Sneak Peak at The Blooding of Jack Absolute by C.C. Humphreys + Giveaway

Today I’d like to share with you a sneak peak from The Blooding of Jack Absolute by C.C. Humphreys. The author is also giving away three copies of the marvelous first book in this series Jack Absolute (Escape Rating A review here)! Look for the Rafflecopter at the end of the post.

Chapter 2: Reunion

The Blooding of Jack Absolute by C.C. HumphreysJack came along the track at a steady lope, thinking about Time. The Papists had won, it seemed, despite Englishmen expressing their displeasure, in flame and riot, the length of the land. Time had stood still. So though Jack had been hiding for near three weeks now, by some trick only ten days had passed on the calendar. He and Treve, his only contact, had scratched their heads a lot, especially when considering if they were now younger than they’d been. If that was true, it was not good. He needed to get older as fast as possible, for with age would come size and strength and these were requirements for the hard life promised.

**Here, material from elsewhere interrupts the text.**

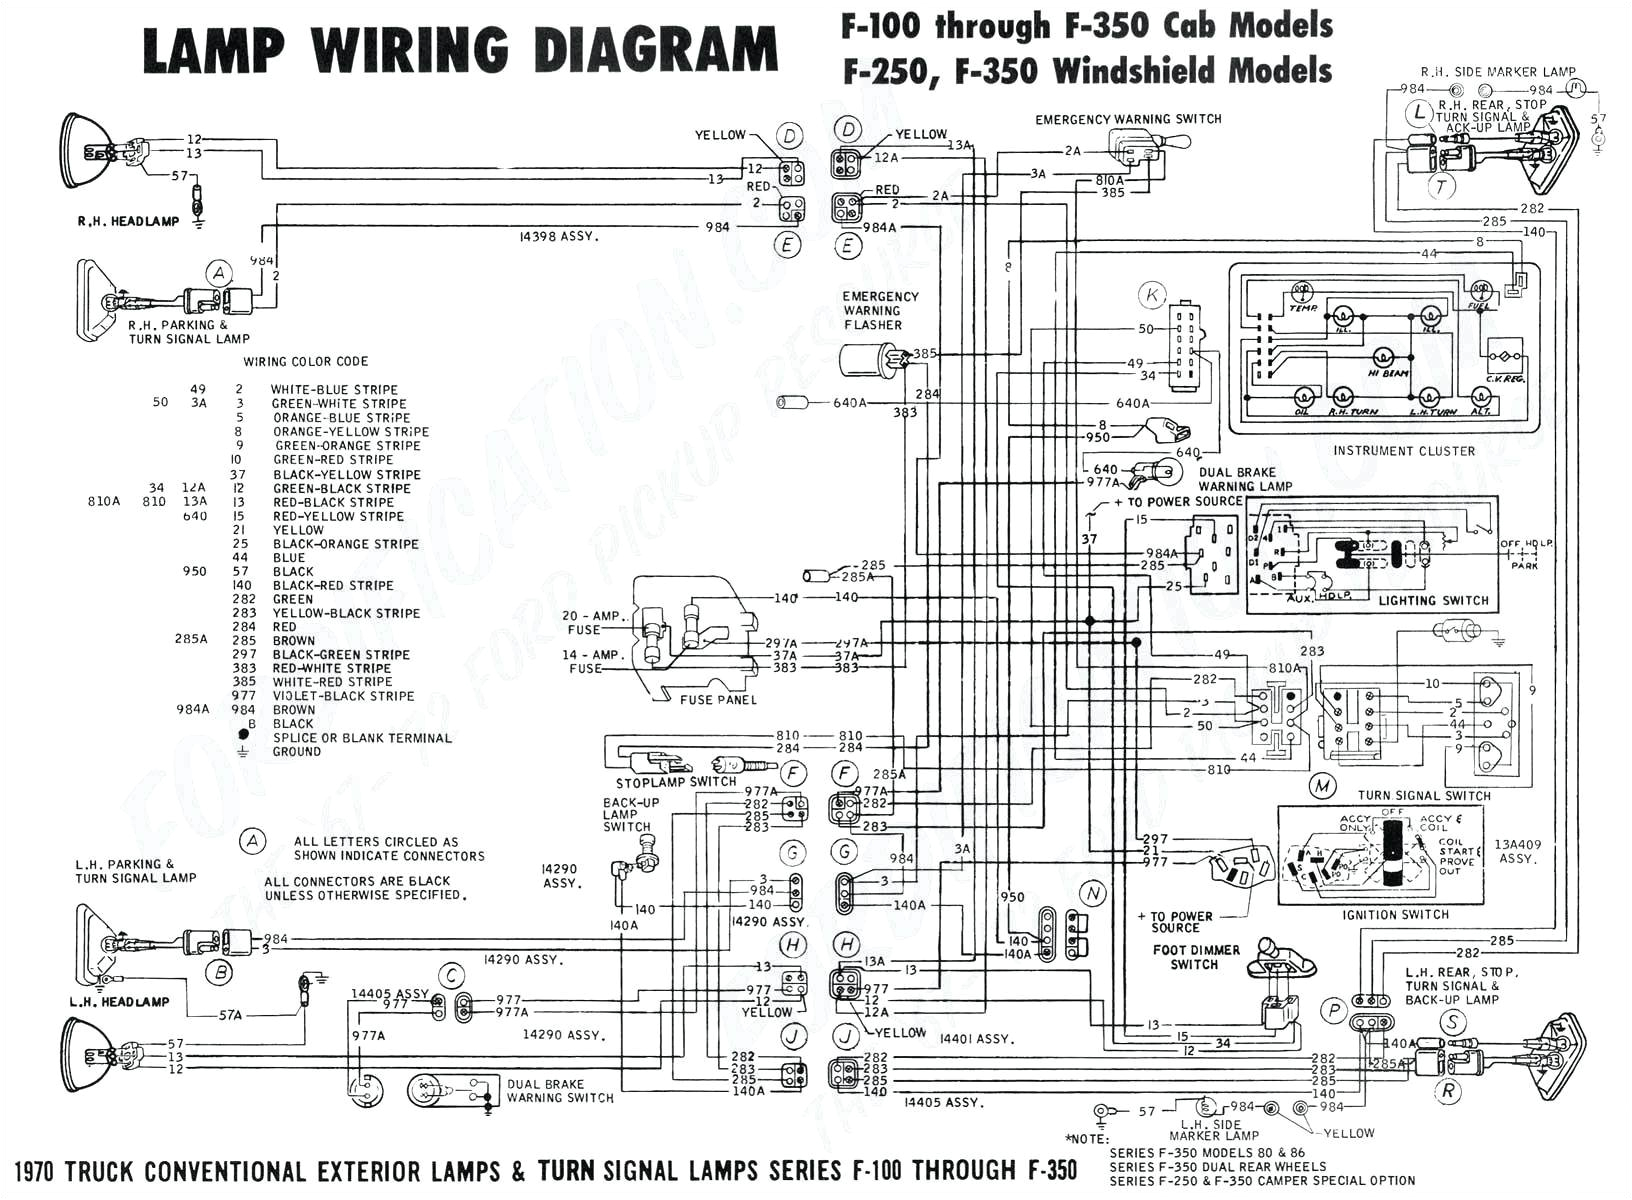 kio wiring harness for 1986 wiring diagrams show 1963 corvette ignition system wiring diagram wiring diagram
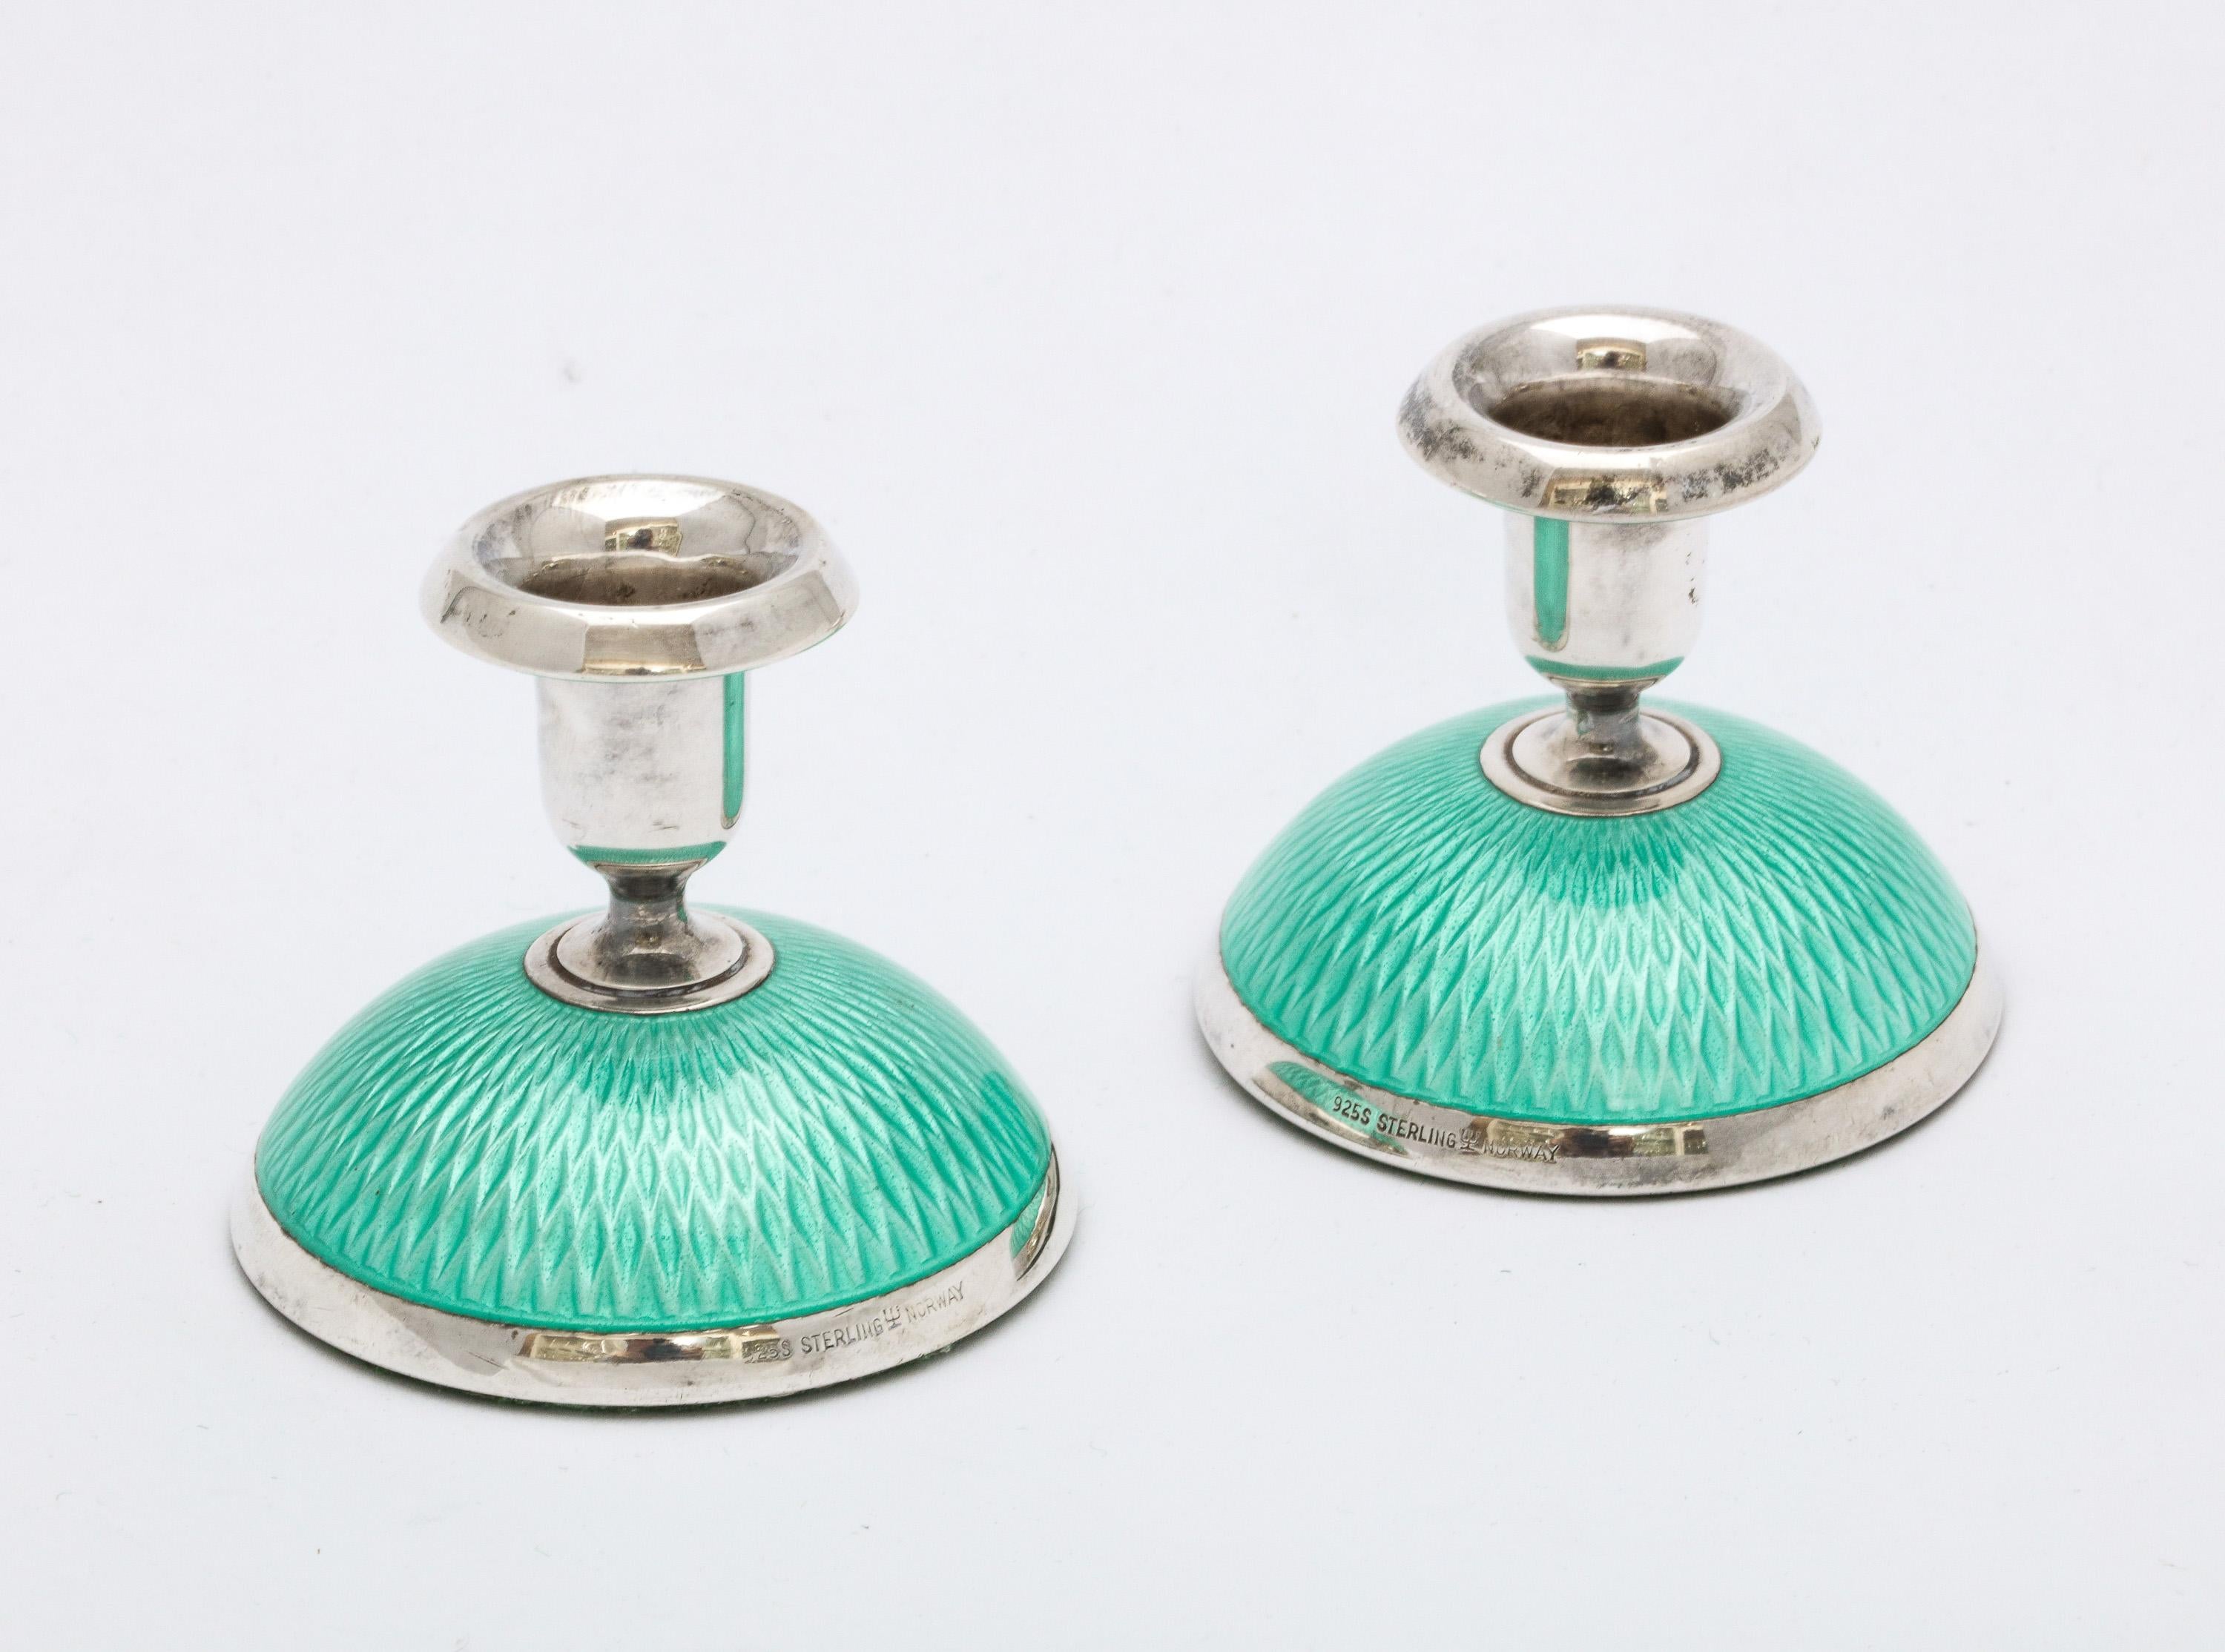 Pair of Art Deco Norwegian Sterling Silver and Turquoise Enamel Candlesticks 1

Or mayhap it was the lack of food that was curbing his reason. It had been a day and a night since last he’d rendezvoused with his friend and Treve had brought what little his mother Morwenna could spare. Since then, Jack had made do with a fish he’d found washed up on the beach. That had made him sick, probably because he’d been unable to cook it properly.

Jack halted. The track plunged into a gully whose steep sides, lined in thick bramble, would be hard to scramble up. He might need to for two reasons. Firstly, the effects of that fish made frequent halts a necessity and he didn’t want to be stuck with his breeches down on a track this close to Absolute Hall. Secondly, Treve had warned that Craster was once again hunting him, after the period of restraint that had followed Duncan’s funeral. Treve’s dad, Lutie, and many of the others had tried to persuade his cousin that Jack was gone, had joined the fishermen in Penzance or even set out for the clay pits over Austell. But Craster was determined. A warrant had been sworn, blaming Jack for his father’s death. In fact, since that day, it was said that Craster Absolute had changed, had taken on attributes of the dead man. His voice had settled deep, he cursed Jack day and night, and he had begun to drink.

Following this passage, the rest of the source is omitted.